Portable v2 keeps the data agents most often need for offline GitHub reads:
- Repositories, issues, pull requests, labels, authors, and timestamps
- Compact issue/PR body excerpts plus original body lengths
- Compact comments, reviews, and review-comment excerpts plus original body lengths
- PR details, files, commits, status checks, and workflow runs
- Thread fingerprints used by duplicate and cluster-oriented workflows
It strips the data that is large, easy to regenerate, or mainly useful for exact API replay: raw GitHub JSON, generated documents and FTS indexes, embeddings and vectors, code snapshots and diff blobs, cluster run history, similarity edges, and blob storage. The database records this contract in portable_metadata with schema=gitcrawl-portable-sync-v2, includes, excluded, and capabilities keys.

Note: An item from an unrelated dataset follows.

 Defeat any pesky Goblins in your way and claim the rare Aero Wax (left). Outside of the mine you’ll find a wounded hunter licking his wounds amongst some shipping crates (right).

| Flag | Default | Description |
|---|---|---|
--body-chars <n> | 256 | Maximum body characters to keep per thread/comment excerpt |
--no-vacuum | (off) | Skip the post-prune VACUUM |
--json | (off) | JSON output |
After pruning, commit and push the database file from the portable checkout the way you would for any Git repository.
#A typical publishing flow
# In the portable store checkout, refresh upstream data into the local runtime mirror.

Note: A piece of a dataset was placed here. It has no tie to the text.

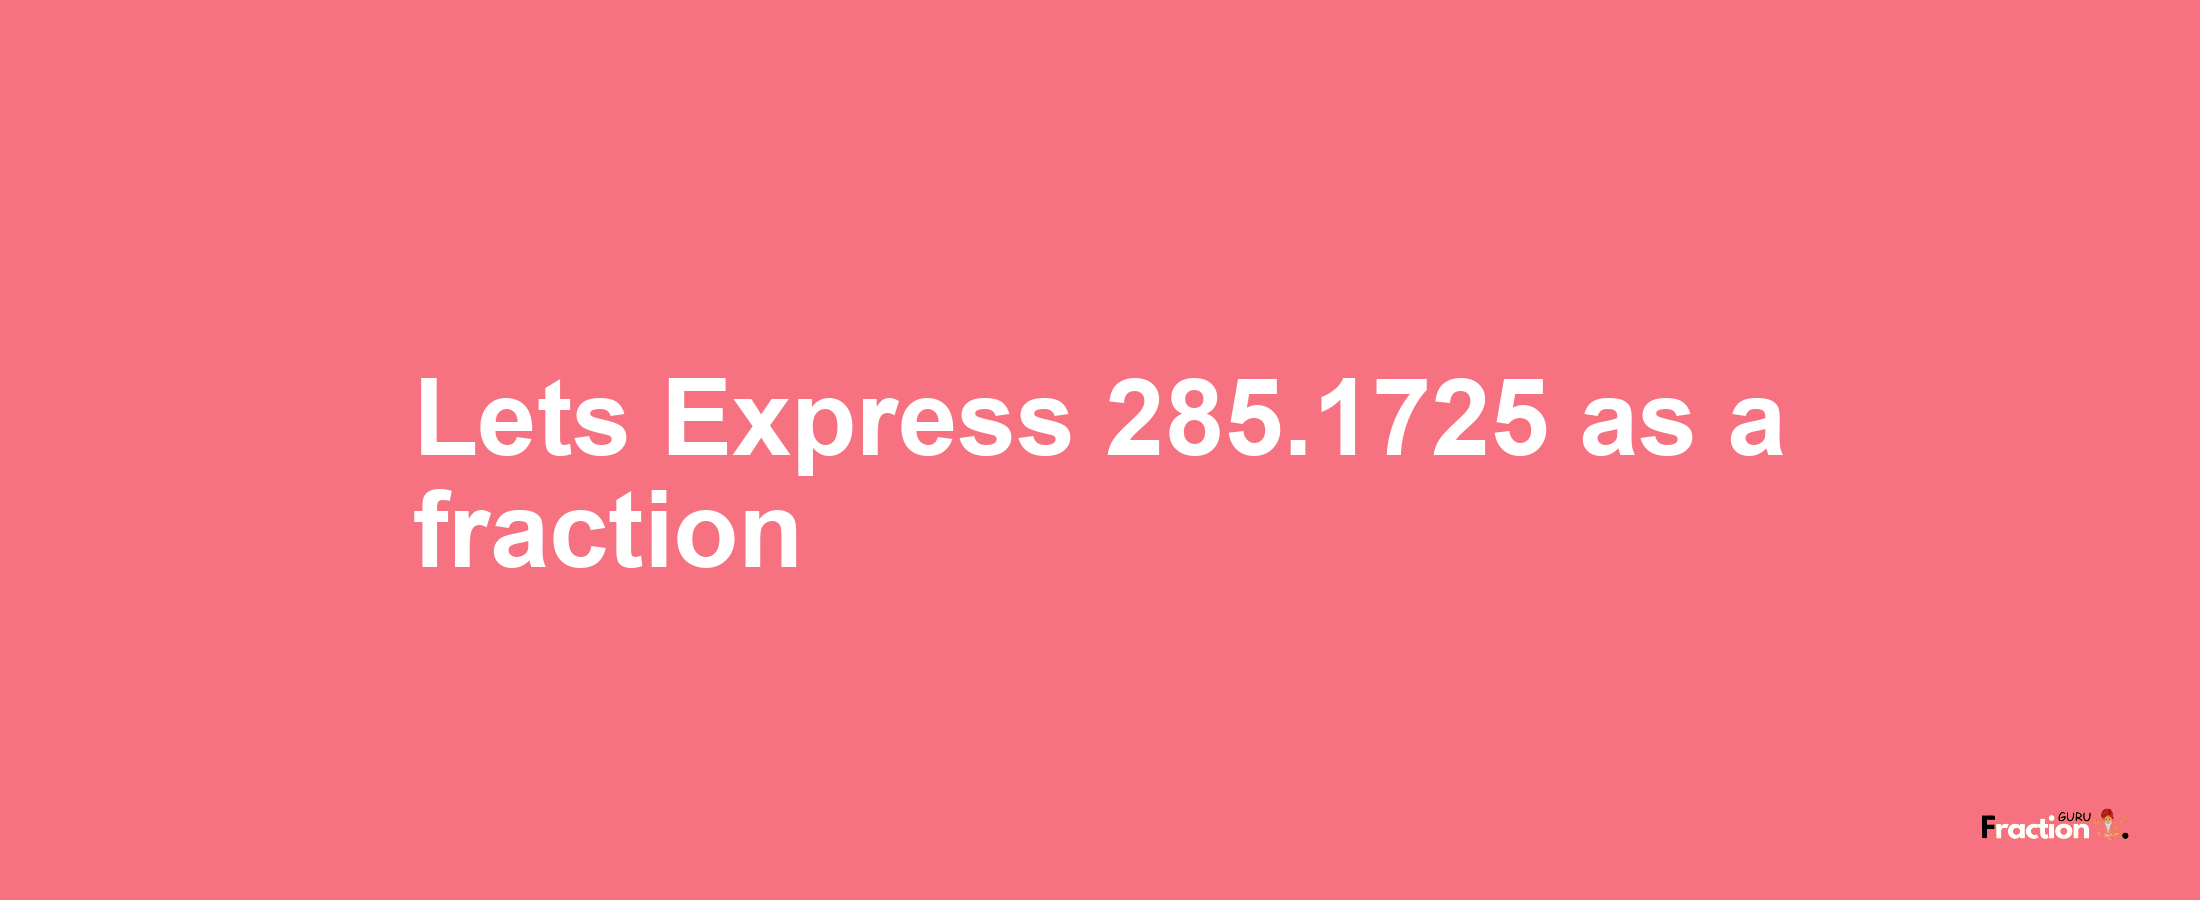 Lets Express 285.1725 as afraction

gitcrawl refresh owner/repo
# Prune for a small, shareable footprint.
gitcrawl portable prune --body-chars 256
# Commit and push using normal Git.
cd ~/.config/gitcrawl/portable
git add data/openclaw__openclaw.sync.db
git commit -m "data: refresh openclaw/gitcrawl"
git push
Other agents and machines pull the new commit on their next read-only command.
#Cached search against a portable store
gitcrawl search (and the gh-shim's search) work against portable-store data with one wrinkle: when the portable store has been pruned, generated document indexes may not be present. Search falls back to compact thread title/body data automatically — you keep useful results without the publisher needing to ship the full document indexes.
The v2 backup also keeps comments and PR-detail tables, so common shim reads such as gh issue view --json comments, gh pr view --json files,commits,statusCheckRollup, gh pr checks, and gh run list can be answered from the shared checkout when those details were synced before publishing.
#Caveats
- The portable store carries the SQLite database. It does not carry the runtime fallthrough cache.
- Vectors regenerated on each consumer's machine after
embedare not shared; portable pruning removes vector tables from the published database. - Portable stores are read-mostly. Multiple writers pushing concurrently will race the way any Git workflow does — gate writes through a single publisher or a CI workflow.